*Task to complete:*
What is needed is an exact copy of all the data.

*Extracted material:*
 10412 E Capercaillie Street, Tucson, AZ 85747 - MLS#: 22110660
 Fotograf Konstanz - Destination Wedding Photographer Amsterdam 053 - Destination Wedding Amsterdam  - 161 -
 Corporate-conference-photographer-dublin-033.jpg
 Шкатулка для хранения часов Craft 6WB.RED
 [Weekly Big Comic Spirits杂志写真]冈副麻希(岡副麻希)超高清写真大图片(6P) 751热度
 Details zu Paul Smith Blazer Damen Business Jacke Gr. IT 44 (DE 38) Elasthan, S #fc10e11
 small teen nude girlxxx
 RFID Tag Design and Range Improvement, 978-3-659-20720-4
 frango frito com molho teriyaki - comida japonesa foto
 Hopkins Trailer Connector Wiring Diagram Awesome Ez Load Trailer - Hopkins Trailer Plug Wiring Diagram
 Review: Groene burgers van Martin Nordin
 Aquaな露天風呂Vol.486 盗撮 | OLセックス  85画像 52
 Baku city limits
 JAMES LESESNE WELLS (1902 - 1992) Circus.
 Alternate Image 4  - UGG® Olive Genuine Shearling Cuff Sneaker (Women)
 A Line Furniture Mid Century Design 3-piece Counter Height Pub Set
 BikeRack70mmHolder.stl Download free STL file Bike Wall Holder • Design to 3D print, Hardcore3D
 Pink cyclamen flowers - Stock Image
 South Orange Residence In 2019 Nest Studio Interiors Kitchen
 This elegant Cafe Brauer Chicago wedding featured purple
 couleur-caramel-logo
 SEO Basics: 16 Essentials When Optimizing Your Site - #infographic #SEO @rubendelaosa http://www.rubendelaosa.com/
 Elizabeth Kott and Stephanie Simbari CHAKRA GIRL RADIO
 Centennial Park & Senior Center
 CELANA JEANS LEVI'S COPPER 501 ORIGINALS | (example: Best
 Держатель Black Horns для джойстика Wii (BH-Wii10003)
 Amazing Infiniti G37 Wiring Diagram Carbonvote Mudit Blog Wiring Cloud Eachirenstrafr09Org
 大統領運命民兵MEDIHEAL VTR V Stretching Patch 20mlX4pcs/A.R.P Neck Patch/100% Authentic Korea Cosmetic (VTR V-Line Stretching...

*Response to the task:*
 10412 E Capercaillie Street, Tucson, AZ 85747 - MLS#: 22110660
 Fotograf Konstanz - Destination Wedding Photographer Amsterdam 053 - Destination Wedding Amsterdam  - 161 -
 Corporate-conference-photographer-dublin-033.jpg
 Шкатулка для хранения часов Craft 6WB.RED
 [Weekly Big Comic Spirits杂志写真]冈副麻希(岡副麻希)超高清写真大图片(6P) 751热度
 Details zu Paul Smith Blazer Damen Business Jacke Gr. IT 44 (DE 38) Elasthan, S #fc10e11
 small teen nude girlxxx
 RFID Tag Design and Range Improvement, 978-3-659-20720-4
 frango frito com molho teriyaki - comida japonesa foto
 Hopkins Trailer Connector Wiring Diagram Awesome Ez Load Trailer - Hopkins Trailer Plug Wiring Diagram
 Review: Groene burgers van Martin Nordin
 Aquaな露天風呂Vol.486 盗撮 | OLセックス  85画像 52
 Baku city limits
 JAMES LESESNE WELLS (1902 - 1992) Circus.
 Alternate Image 4  - UGG® Olive Genuine Shearling Cuff Sneaker (Women)
 A Line Furniture Mid Century Design 3-piece Counter Height Pub Set
 BikeRack70mmHolder.stl Download free STL file Bike Wall Holder • Design to 3D print, Hardcore3D
 Pink cyclamen flowers - Stock Image
 South Orange Residence In 2019 Nest Studio Interiors Kitchen
 This elegant Cafe Brauer Chicago wedding featured purple
 couleur-caramel-logo
 SEO Basics: 16 Essentials When Optimizing Your Site - #infographic #SEO @rubendelaosa http://www.rubendelaosa.com/
 Elizabeth Kott and Stephanie Simbari CHAKRA GIRL RADIO
 Centennial Park & Senior Center
 CELANA JEANS LEVI'S COPPER 501 ORIGINALS | (example: Best
 Держатель Black Horns для джойстика Wii (BH-Wii10003)
 Amazing Infiniti G37 Wiring Diagram Carbonvote Mudit Blog Wiring Cloud Eachirenstrafr09Org
 大統領運命民兵MEDIHEAL VTR V Stretching Patch 20mlX4pcs/A.R.P Neck Patch/100% Authentic Korea Cosmetic (VTR V-Line Stretching...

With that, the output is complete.